#### Given entries:
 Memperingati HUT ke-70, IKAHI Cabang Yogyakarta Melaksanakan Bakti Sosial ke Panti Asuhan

==

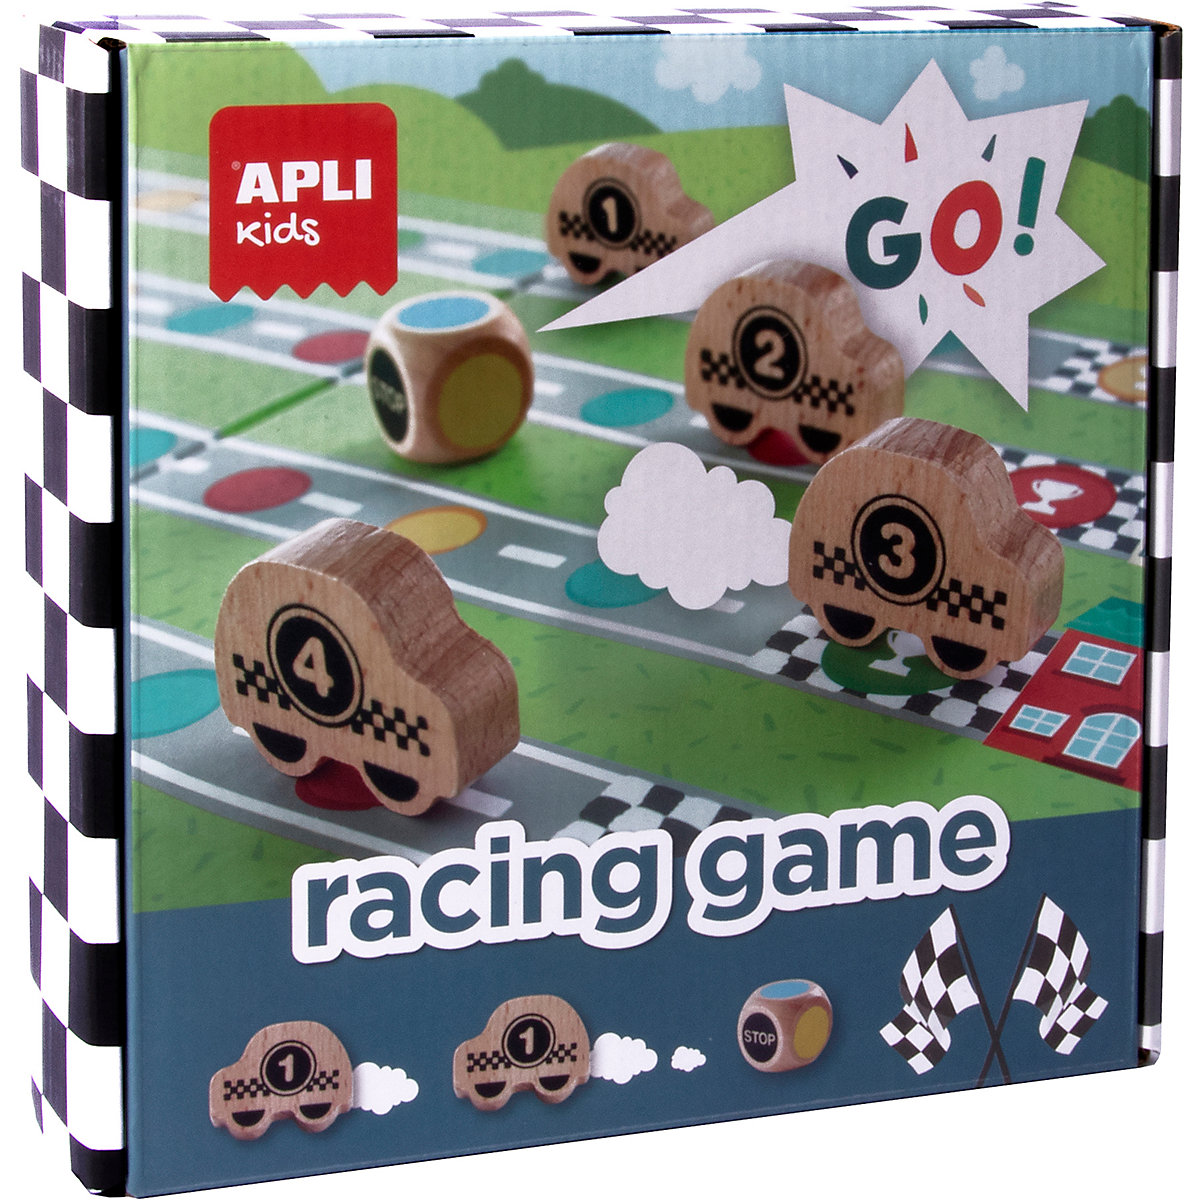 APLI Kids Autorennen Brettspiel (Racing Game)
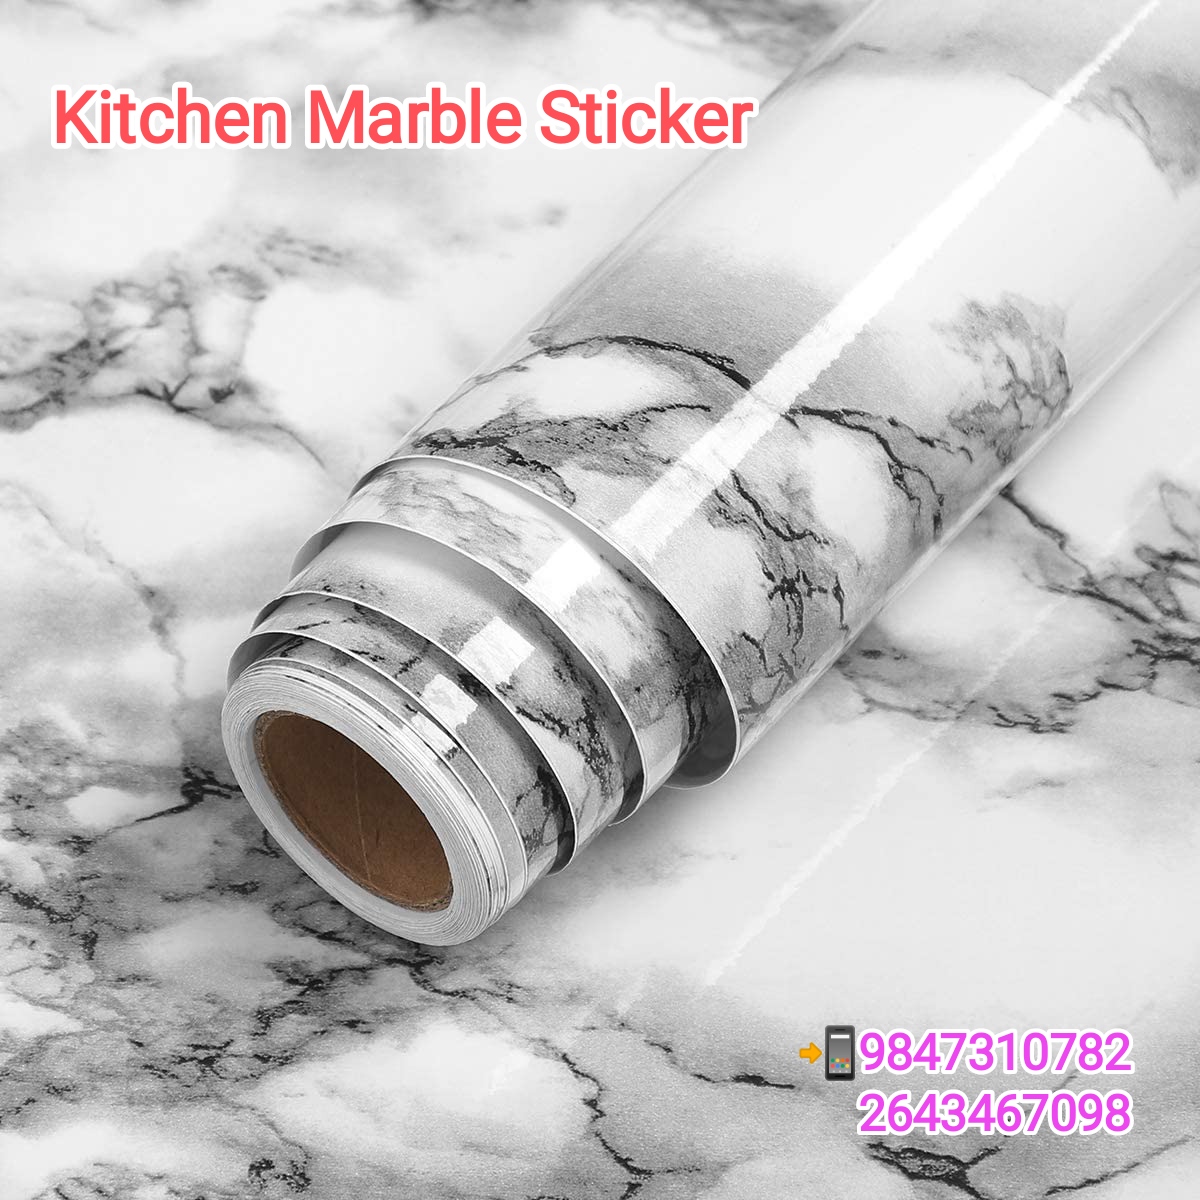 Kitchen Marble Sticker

#### About this exercise:
Look above and copy only the lines from the one holding "APLI Kids Autorennen" to the one holding "Kitchen Marble Sticker", both included, exactly, minus the pictures.

#### Response:
 APLI Kids Autorennen Brettspiel (Racing Game)
 Kitchen Marble Sticker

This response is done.